GJ: We’ve seen this in many repressive regimes—people who are essentially middlemen, and in a complicated position vis-à-vis the overlords. That’s not unique to my book, that’s just the world. There was a story just recently, about a Jewish graphic designer in Auschwitz who was so valuable to the Nazis that she could sometimes save people, and managed to save her lover several times. But of course, she couldn’t save everyone; there were always terrible tradeoffs.
ML: The portrayal of this kind of complexity is particularly important in these times, where people are often so quick to reach for outrage.
I think something that’s consistent with a lot of your books, at least for me, is that I usually have a very conflicted relationship with your male protagonists. They’re very engaging and charming and intriguing but also I just want to shake them! I felt the same about Woody the coach. What was your journey like with him?
GJ: If certain of my characters seem complicated and blown off course by their circumstances, it is perhaps because I simply see that that happens—that sometimes people end up making choices they don’t want to make. Anybody who’s had a job knows that there can be compromises involved. Woody has something that he really loves, and finds that protecting it has a price.
ML: It was inevitable that he would be so complicated?
GJ: Maybe.
ML: So you’ve talked about how you wrote this really fast but also mentioned there were moments of anxiety throughout the book. Can you talk broadly about that or were there any specific aspects that were challenging for you that you had to overcome?
GJ: Well, I had to do a lot of research to write those baseball sequences. The Resisters is not really a baseball book, but it’s a book that involves baseball, and I was aware that as a girl in boy territory, I had to get everything right—that should I make one slip I was going to be hung.
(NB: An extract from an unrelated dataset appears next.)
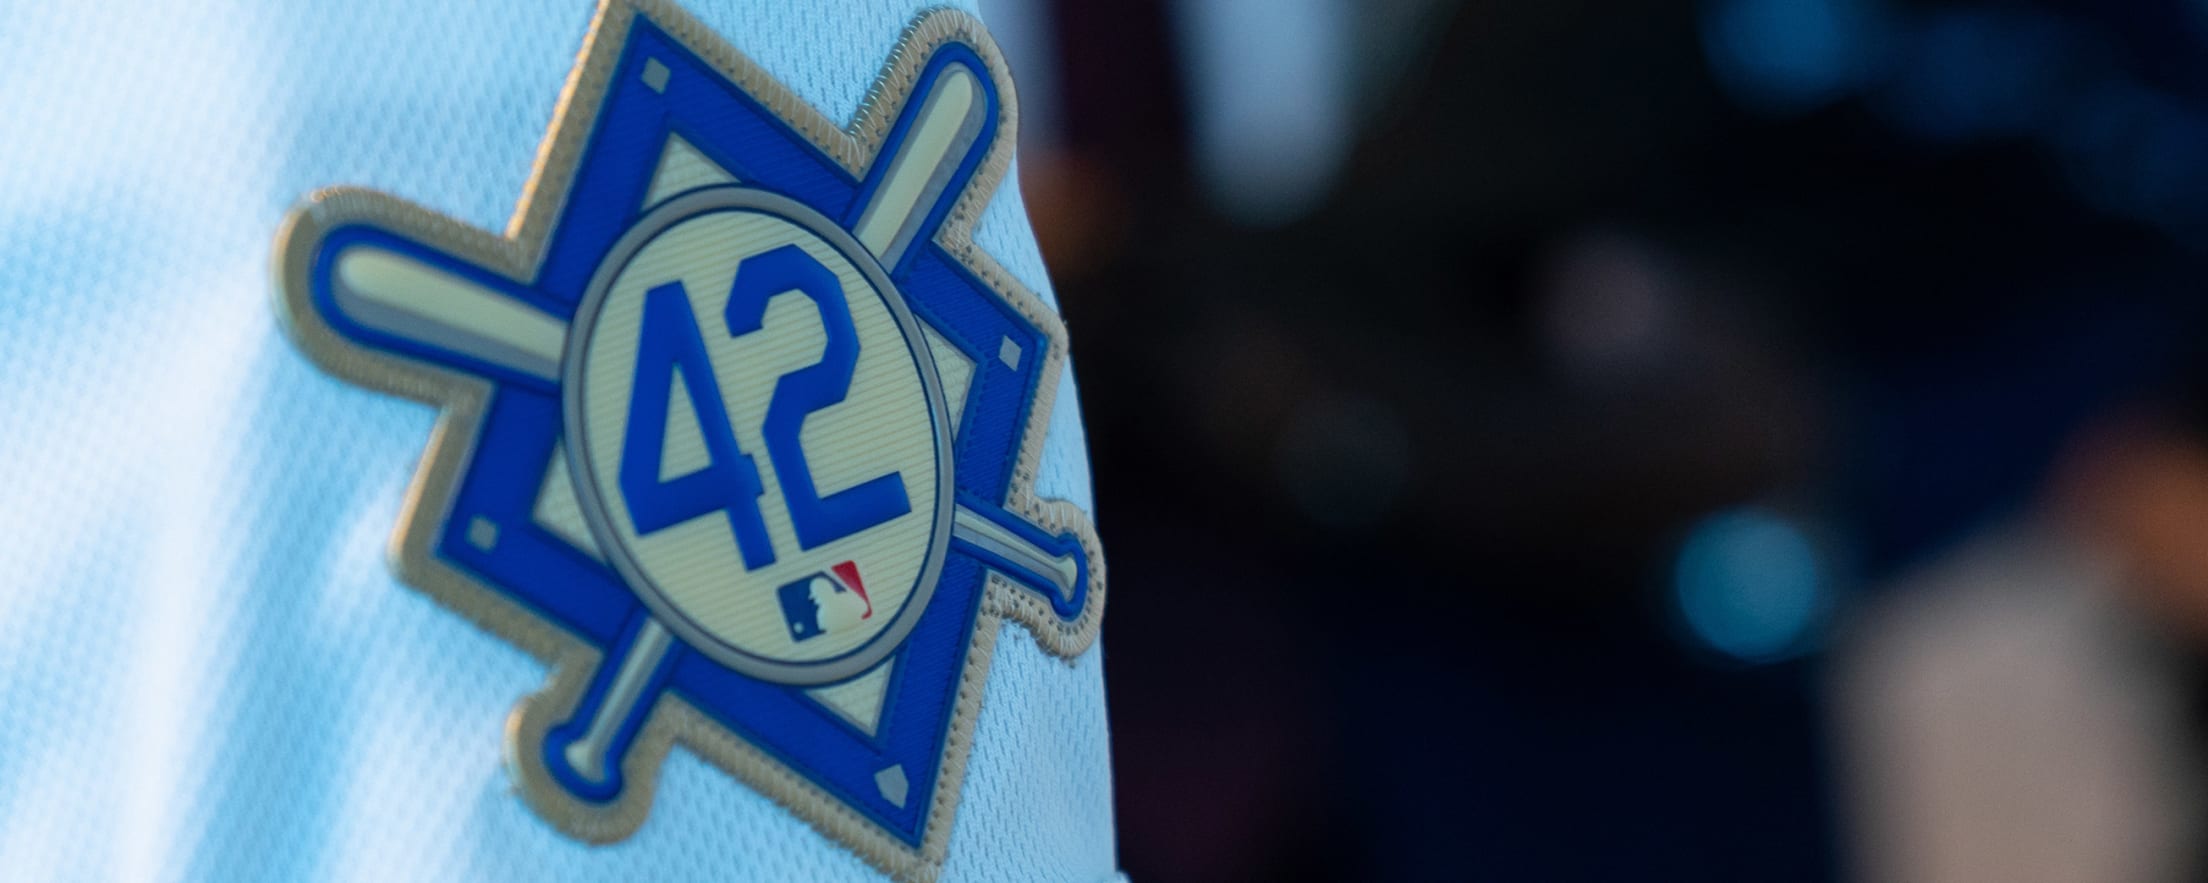 MLB Life on X: .@MookieBetts' Jordan 5 cleats for Jackie Robinson Day  #Jackie42  / X
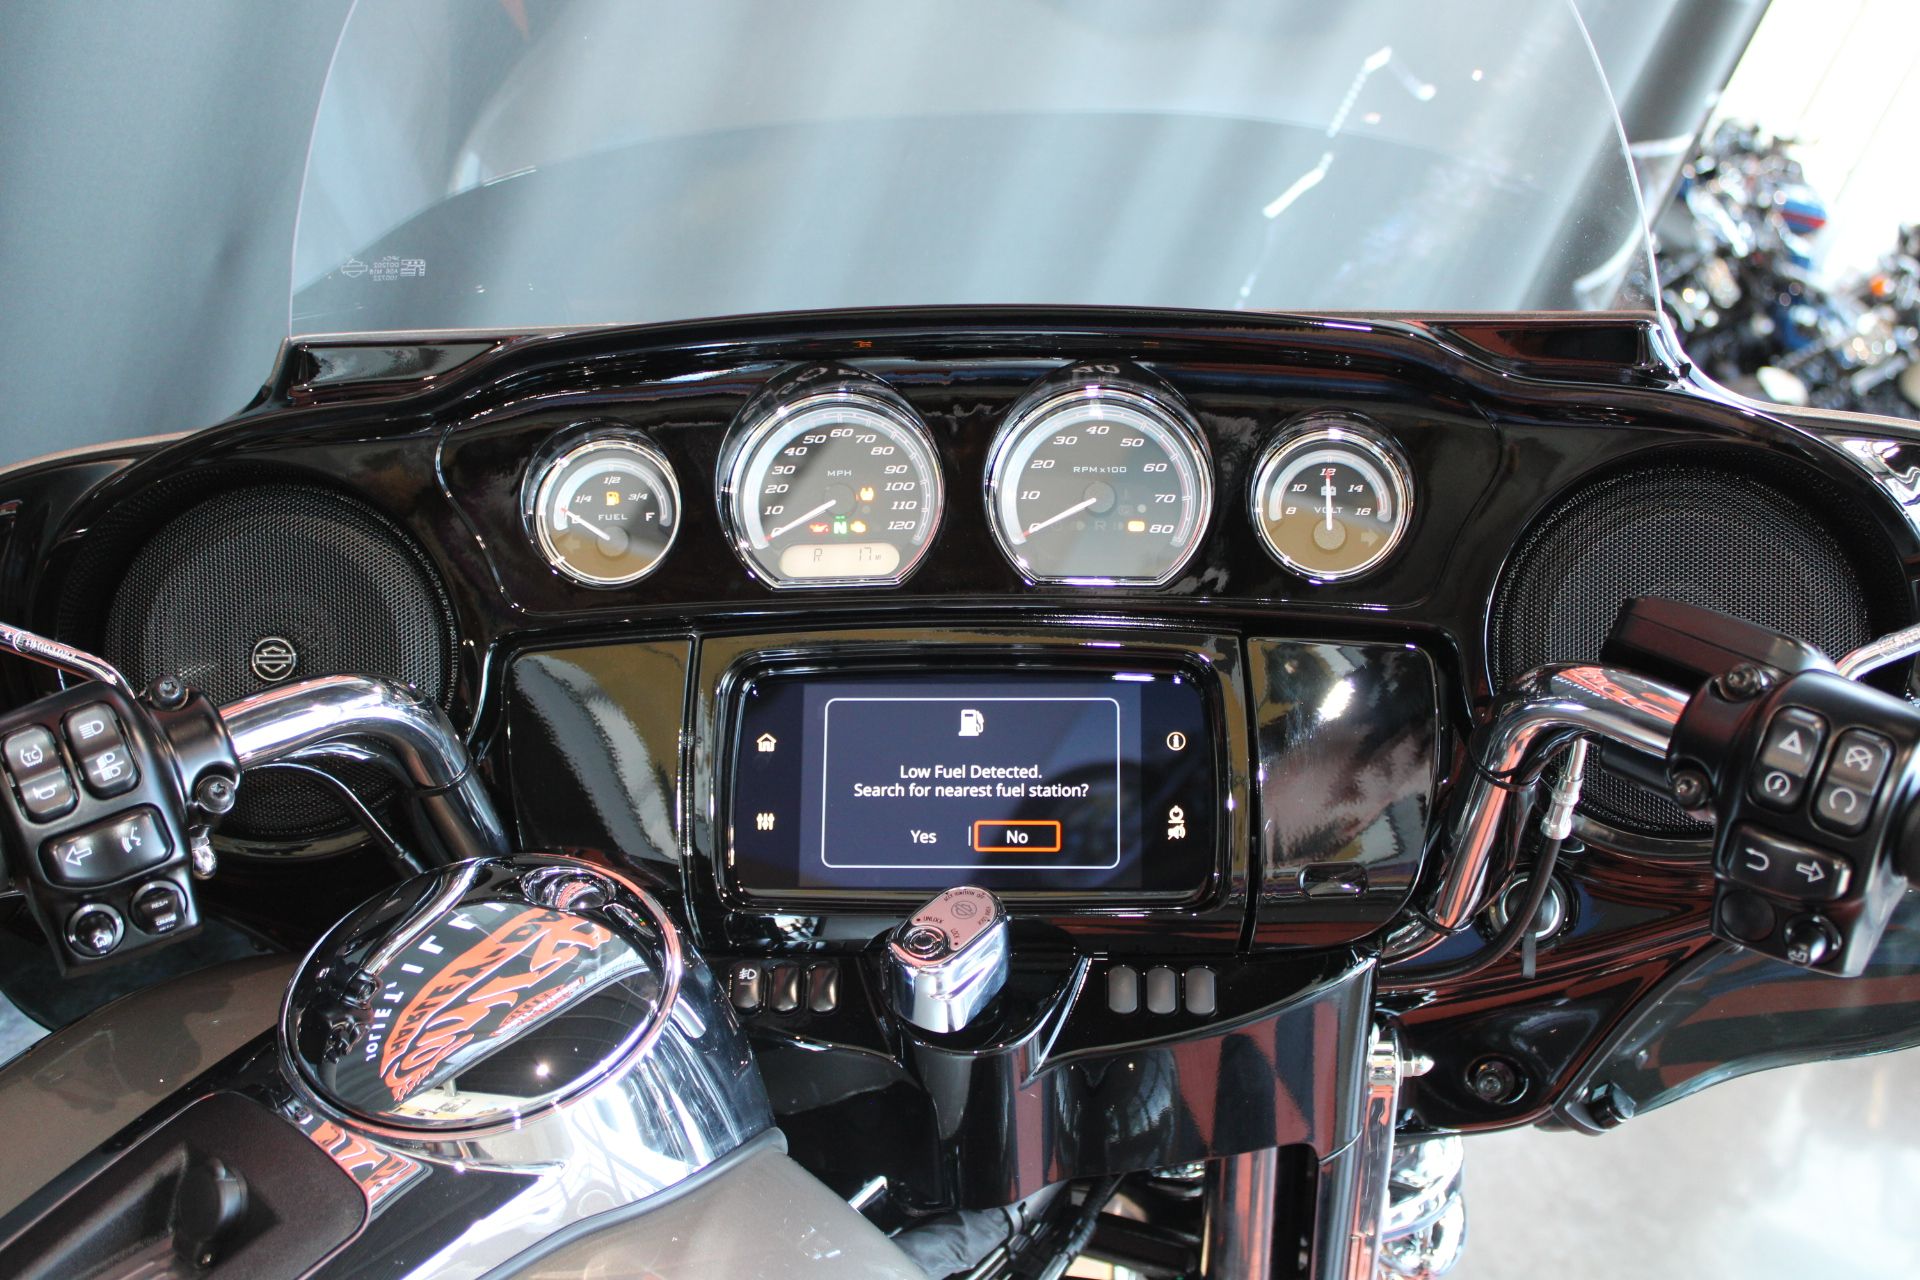 2023 Harley-Davidson Ultra Limited in Shorewood, Illinois - Photo 11

Of course, every game in the book involves something emotional; it’s not just a game. The plot is always advancing—and that stuff is tricky to manage. But it was not particularly fraught. The actual pitches, meanwhile, the plays—it was like the Khmer in my last novel, World and Town. I looked at certain passages again and again, and was thrilled when the book passed muster with people who really know sports—Jane Leavy, for example, who has written biographies of Mickey Mantle, Sandy Koufax, and Babe Ruth. When I finally met her at the Key West Literary Seminar, I confessed that I can’t actually pitch—which I thought would shock her. Her reaction, though, was to immediately insist, “Oh, I’m going to teach you to throw a ball.” To which, I responded, “Jane, I cannot throw my shoulder out. Not now, just before my book comes out.” I could just see myself making the rounds of the bookstores in a sling.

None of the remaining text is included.